Black Nonbelievers launches first billboard campaign

Black Nonbelievers, an Atlanta-based organization that supports Black atheists and those who are questioning religion, has launched a billboard campaign.

Credit: Contributed

Credit: Contributed

Black Nonbelievers, an Atlanta-based organization that supports Black atheists and those who are questioning religion, has launched a billboard campaign.

Two billboards in metro Atlanta may get a second glance from drivers.

Atlanta-based Black Nonbelievers, a support group for African Americans who are atheists or questioning religion, has placed two billboards encouraging people to free themselves “from religion and find true liberation.”

The billboards are located at I-75/85 northbound at exit 243, and near the corner of Peachtree and Peachtree Valley roads.

In one, a young Black woman is with the image of a cross in the background. She raises her arms and it appears she is freeing herself from shackles. The other has a similar image featuring a young man.

“In this environment of Black Lives Matter and as we talk about dismantling white supremacy and institutional oppression, we contend that religion is one area we should be looking at as well. It has been a direct contributor to that oppressive system,” said Mandisa L. Thomas, founder and president of the organization.

The billboards are co-sponsored by the Stiefel Freethought Foundation.

The campaign, which is so far just in Atlanta, is the outgrowth of a virtual meeting called “Black Family Discussion,” which was held earlier in July.

The organization will observe its 10th anniversary in January.

Thomas grew up in a black nationalist household.

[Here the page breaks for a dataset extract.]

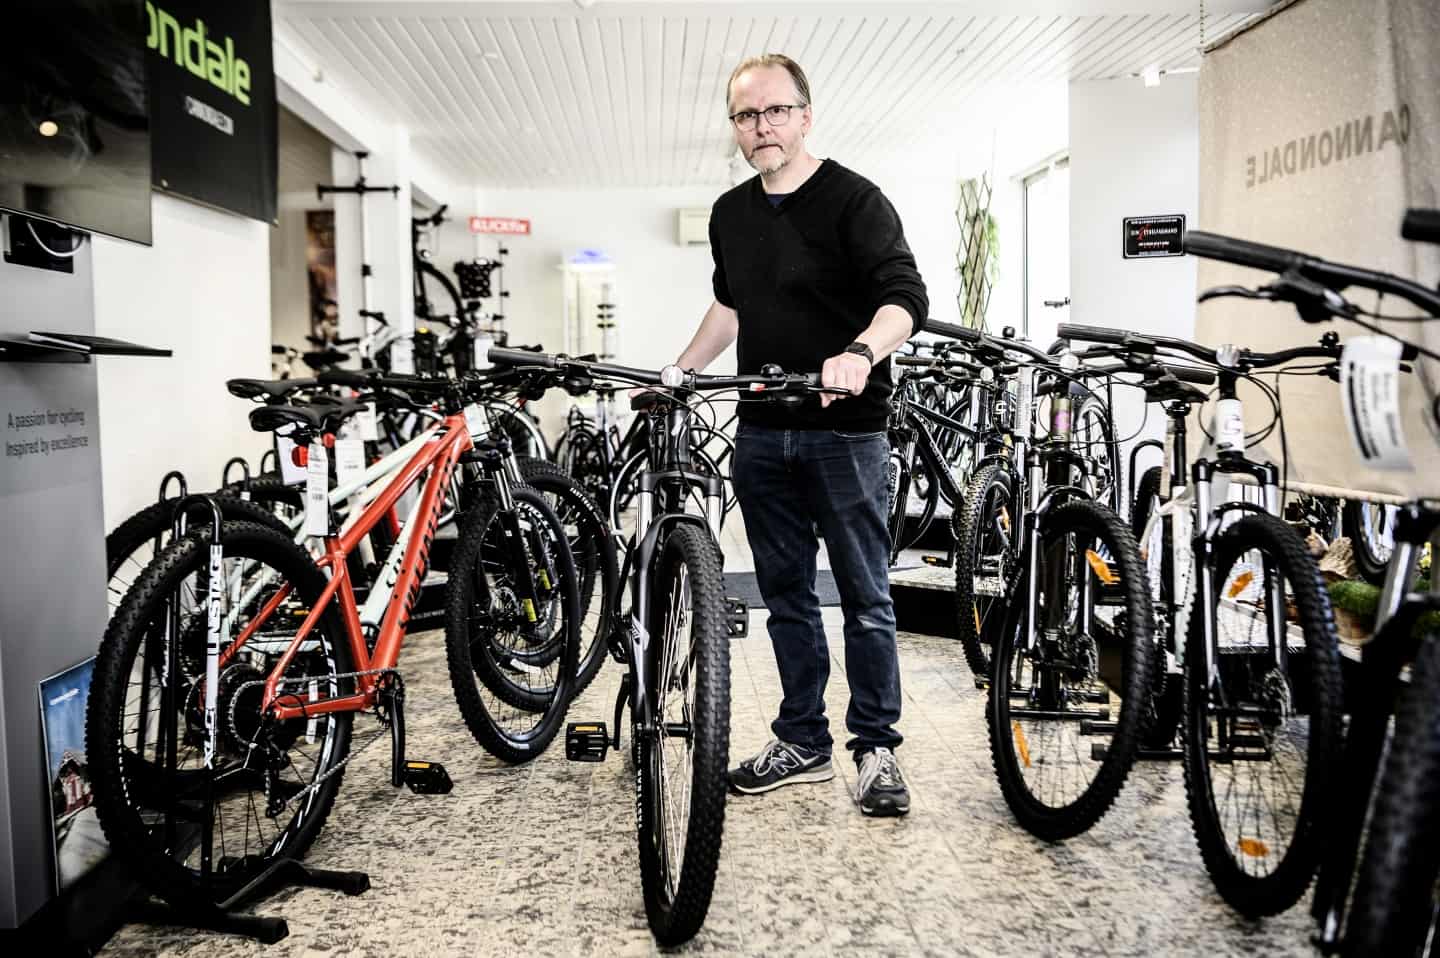 Touren kom til Vejle, Jonas det hele: Lokal cykelhandler ser en vækst i salget mindst 20 procent efter sommerens gule succes | vafo.dk

“In this age of information,” she said in a previous interview, “a lot of traditional notions are not holding up anymore. We are beginning to see the world is not right. We’re told to just have faith or pray on it. That’s just not enough for people anymore.”

It’s especially hard for African Americans, she said.

“Religion is still so ingrained in the black identity that to openly state that one is atheist means that you’re rejecting your race and culture.”

According to a 2014 study by the Pew Research Center, 79% of African Americans self-identify as Christians as do 77% of Latinos.

Indeed, the church has played a major role in black life as a center of social and family interactions as well as its place in the civil rights movement. Some of the movement’s most prominent leaders came out of the pulpit.

When enslaved Africans were brought to the West, many were Muslim or held traditional beliefs.

Thomas, though, says the number of nonbelievers is growing. She said the organization has about 5,000 followers on its social media.

According to a Pew Research Center telephone survey in 2018 and 2019, 4% of U.S. adults identify as atheists, up from 2% in 2009.

Quran Williams of Atlanta hasn’t seen the images but is glad to know they are up.

He said it supports people who are “not really vocal about who they are.”

Williams realized he was an atheist when he was 18 and was in the religious closet until he was 33.

He told his family not long ago.

“They were very, very shocked,” he said. Williams’ mother’s side is Christian. His father’s is Muslim. A grandfather was a preacher.

“They accept me for who I am,” he said.